In my time as a TAM at Red Hat, I've helped to solve a variety of issues for customers. Each day is a new challenge and with that, a new learning opportunity.
The story I want to share with you today started with a customer’s report about multiple cluster outages. Systems without cluster were also affected and all had network issues in common. The network issues turned out to be extremely interesting because usually network issues affect all network protocols of a network interface card (NIC). However, in this case, some protocols were confirmed to work (for example TCP connections to a database), but existing SSH sessions stalled and new SSH sessions could not be established.

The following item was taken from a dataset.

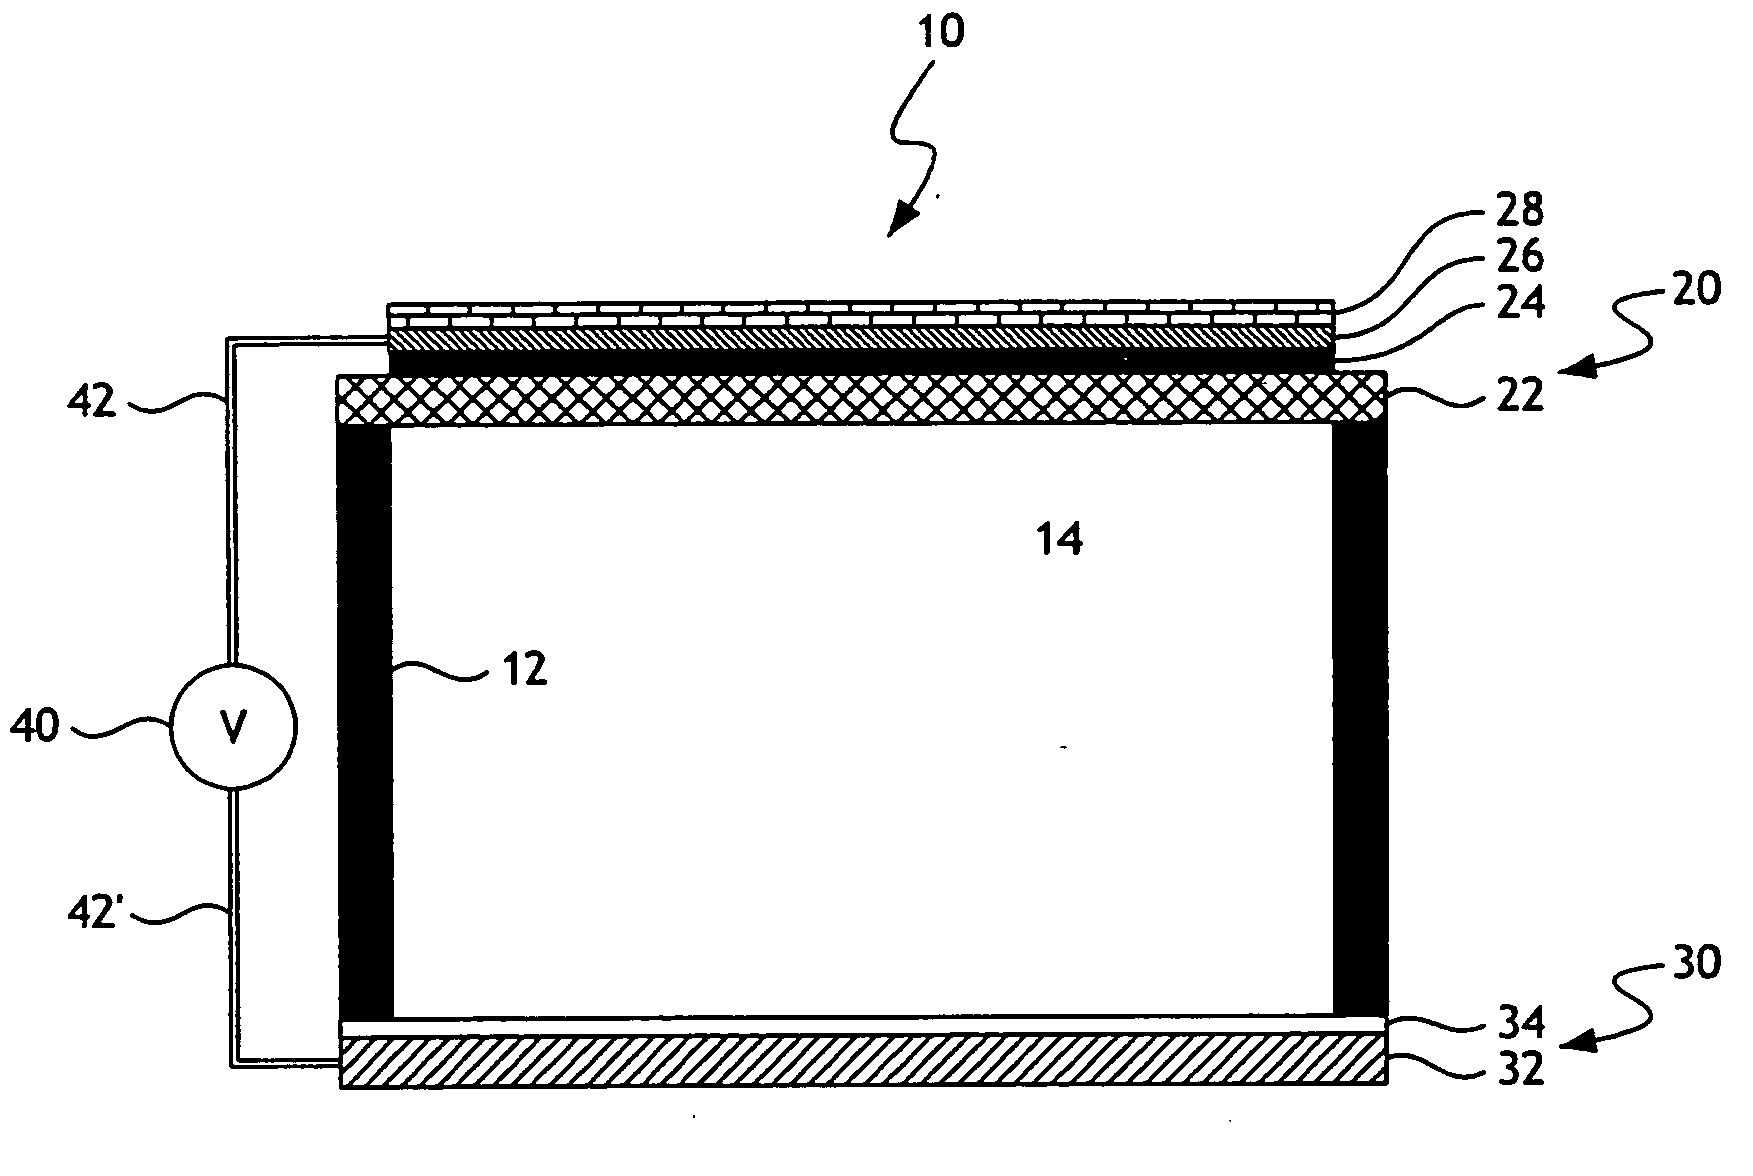 Dielectric barrier discharge plasma reactor cell

Sniffing on affected network interfaces brought us no further to isolating the root cause, also ifdown/ifup did not help.
Looking at sosreports from affected systems, we saw similarities: all ran Red Hat Enterprise Linux 6.4 and the affected NICs were powered by the mlx4_en kernel driver. Systems with the same hardware that were running an older Red Hat Enterprise Linux minor release remained unaffected.
On some systems, messages like "swapper: page allocation failure. order:2, mode:0x4020" were observed. Initially, it was unclear whether these were related to the issue or not. The same error was also logged with other process names.
This message suggested insufficient memory, but the output of the "free" command showed unused memory on these systems - the memory which did get requested was from kernel land.
Attempts to reproduce the issue inside Red Hat were limited. While we had access to similar NICs, the customer was also using kernel modules from 3rd party vendors which were not open source, and could not
easily be obtained. Also these modules were complaining about not being able to allocate memory.
Memory zones on a x86-64 bit cpu
So which memory was in play here, and how do we see the details? Not all memory is "equivalent" as the memory is separated into "memory zones". On x86 64bit:
Zone DMA: first 16MB/24bit for I/O
Zone DMA32: 4GB I/O
Zone Normal: all further memory
Dividing the memory like this helps the kernel with housekeeping. Memory in the DMA zone can be used for transfers, for example with network cards, which can only address 24bits, so 16MB. Some cards/drivers can only utilize memory from the DMA zone. DMA32 is 4GB in size, used for data exchange with cards which can address 32bits. The ‘Normal zone’ is used for processes. After booting, ‘dmesg’ shows us the physical addresses of the 3 Zones, for example:
$ dmesg [..] Zone PFN ranges: DMA 0x00000001 -> 0x00001000 DMA32 0x00001000 -> 0x00100000 Normal 0x00100000 -> 0x00200000
File /proc/buddyinfo shows details, and some quite unusual things on affected systems:
Node 0, zone DMA 1 0 1 1 [..] Node 0, zone DMA32 8 7 5 7 [..] Node 0, zone Normal 9539 4328 7412 2374 [..] Order 0 1 2 3 [..] Zone Byte Size 4kB 8kB 16kB 32kB [..]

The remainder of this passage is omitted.